Case ID: f-appx_127/html/0356-01.html
Source: Caselaw Access Project
Author: {"author": "", "license": "Public Domain", "url": "https://static.case.law/"}
Date Created: 2024-08-24T03:29:51.129683

Guojun HAN, Petitioner, v. Alberto GONZALES, Attorney General, Respondent.
    No. 03-74815.
    United States Court of Appeals, Ninth Circuit.
    Submitted March 23, 2005.
    
    Decided April 11, 2005.
    Daniel P. Hanlon, Esq., Hanlon & Greene, Pasadena, CA, for Petitioner.
    CAC-District Counsel, Esq., Office of the District Counsel, Department of Homeland Security, Los Angeles, CA, Ronald E. LeFevre, Chief Counsel, Office of the District Counsel, Department of Homeland Security, San Francisco, CA, Richard M. Evans, Esq., Patricia A. Smith, DOJ — U.S. Department of Justice, Civil Div./Office of Immigration Lit., Washington, DC, for Respondent.
    Before: B. FLETCHER, TROTT and PAEZ, Circuit Judges.
    
      
       Alberto Gonzales is substituted for his predecessor, John Ashcroft, as Attorney General of the United States, pursuant to Fed. R.App. P. 43(c)(2).
    
    
      
       This panel unanimously finds this case suitable for decision without oral argument. See Fed. R.App. P. 34(a)(2).
    
   MEMORANDUM

Guojun Han, a native and citizen of China, petitions for review of the Board of Immigration Appeals’ (“BIA”) decision, which granted Han’s claim for withholding of removal and affirmed the Immigration Judge’s (“IJ”) order denying his application for asylum as untimely. We dismiss the petition for review.

To the extent that Han raises the issue, we lack jurisdiction to review the BIA’s determination that Han did not file his application within one year of entering the United States, see 8 U.S.C. § 1158(a)(3); Hakeem v. INS, 273 F.3d 812, 815-16 (9th Cir.2001), or that changed circumstances excused the late filing, see Molinar-Estrada v. INS, 293 F.3d 1089, 1093 (9th Cir. 2002).
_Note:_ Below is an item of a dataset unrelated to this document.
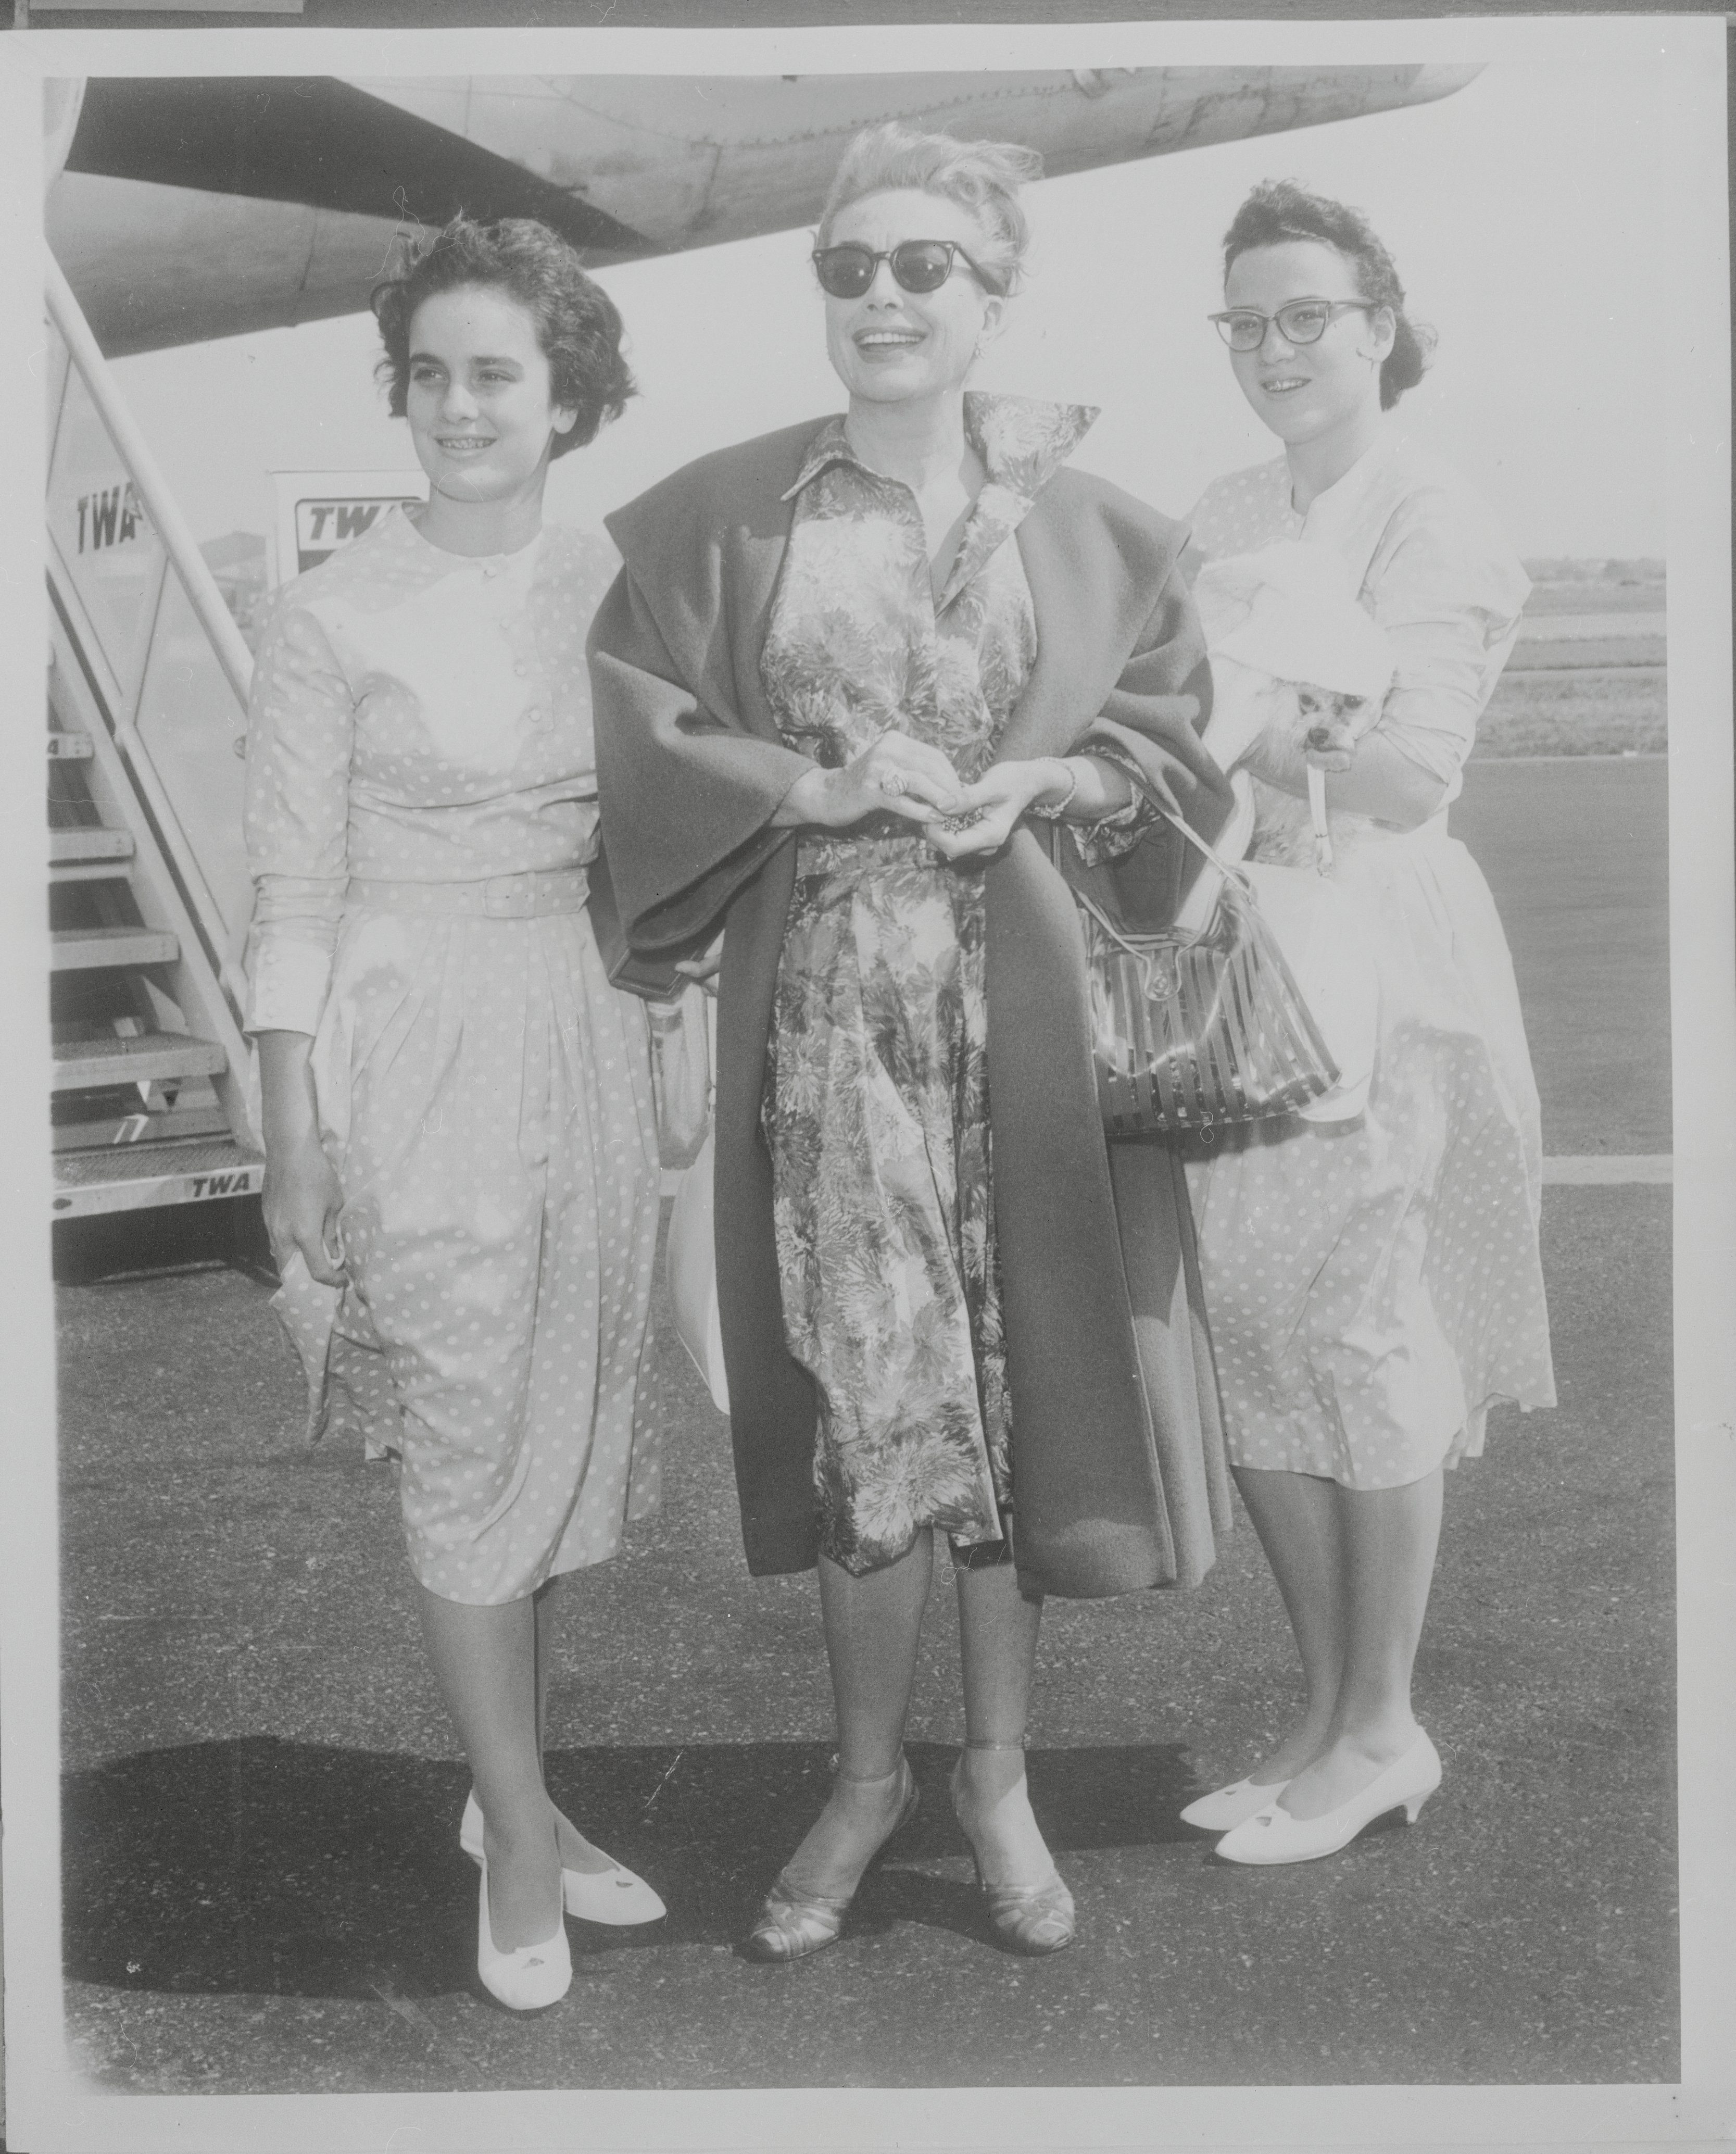 Joan Crawford pictured with her 13-year-old daughters Cathy and Cindy at Idlewild Airport. / Source: Getty Images
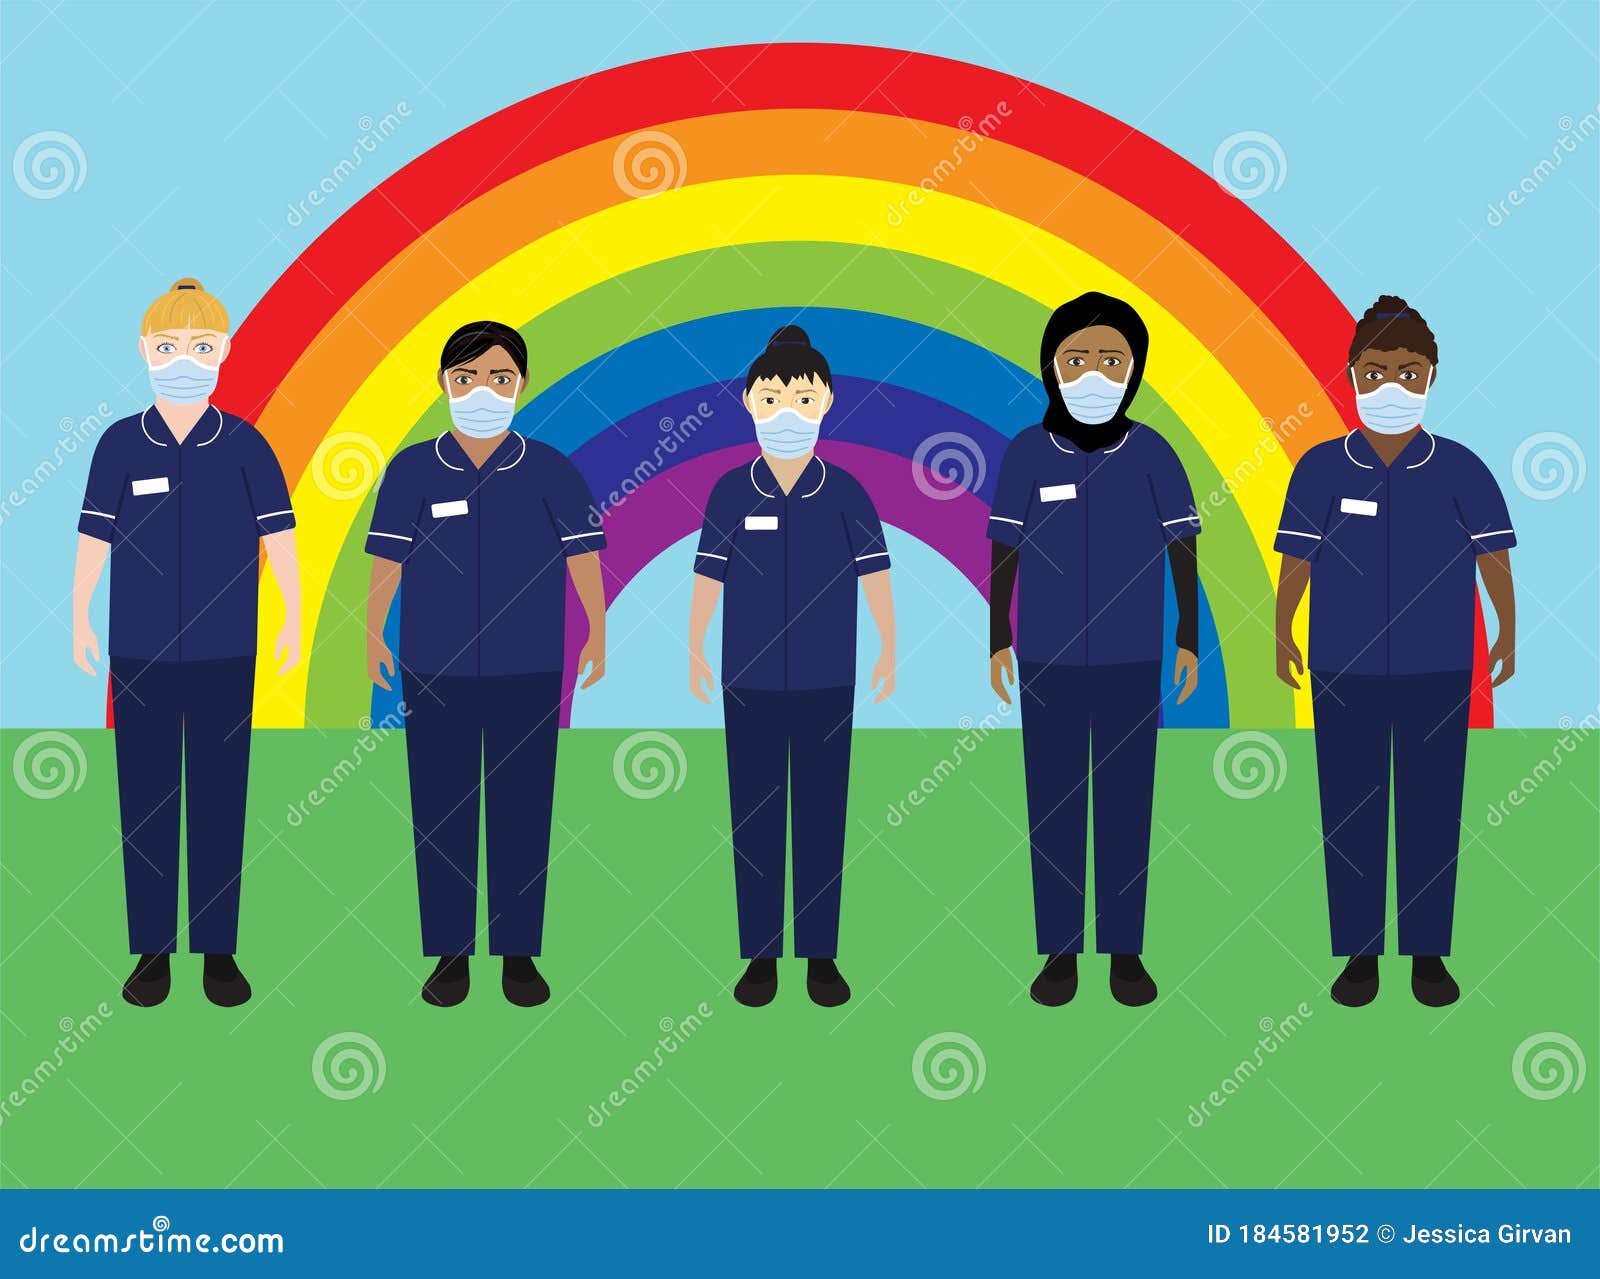 nhs hospital staff wearing face masks, standing in front of a rainbow

Han contends that the BIA violated his due process rights by failing to consider whether “the effect of the current circumstances in China with respect to coercive family planning” qualified as an exception to the one-year filing deadline for asylum. We lack jurisdiction to consider Han’s claim because he did not exhaust this issue. See Barron v. Ashcroft, 358 F.3d 674, 677-678 (9th Cir.2004).

This Court’s dismissal of Han’s petition for review does not disturb the BIA’s grant of withholding of removal to Han.

PETITION FOR REVIEW DISMISSED. 
      
       This disposition is not appropriate for publication and may not be cited to or by the courts of this circuit except as provided by Ninth Circuit Rule 36-3.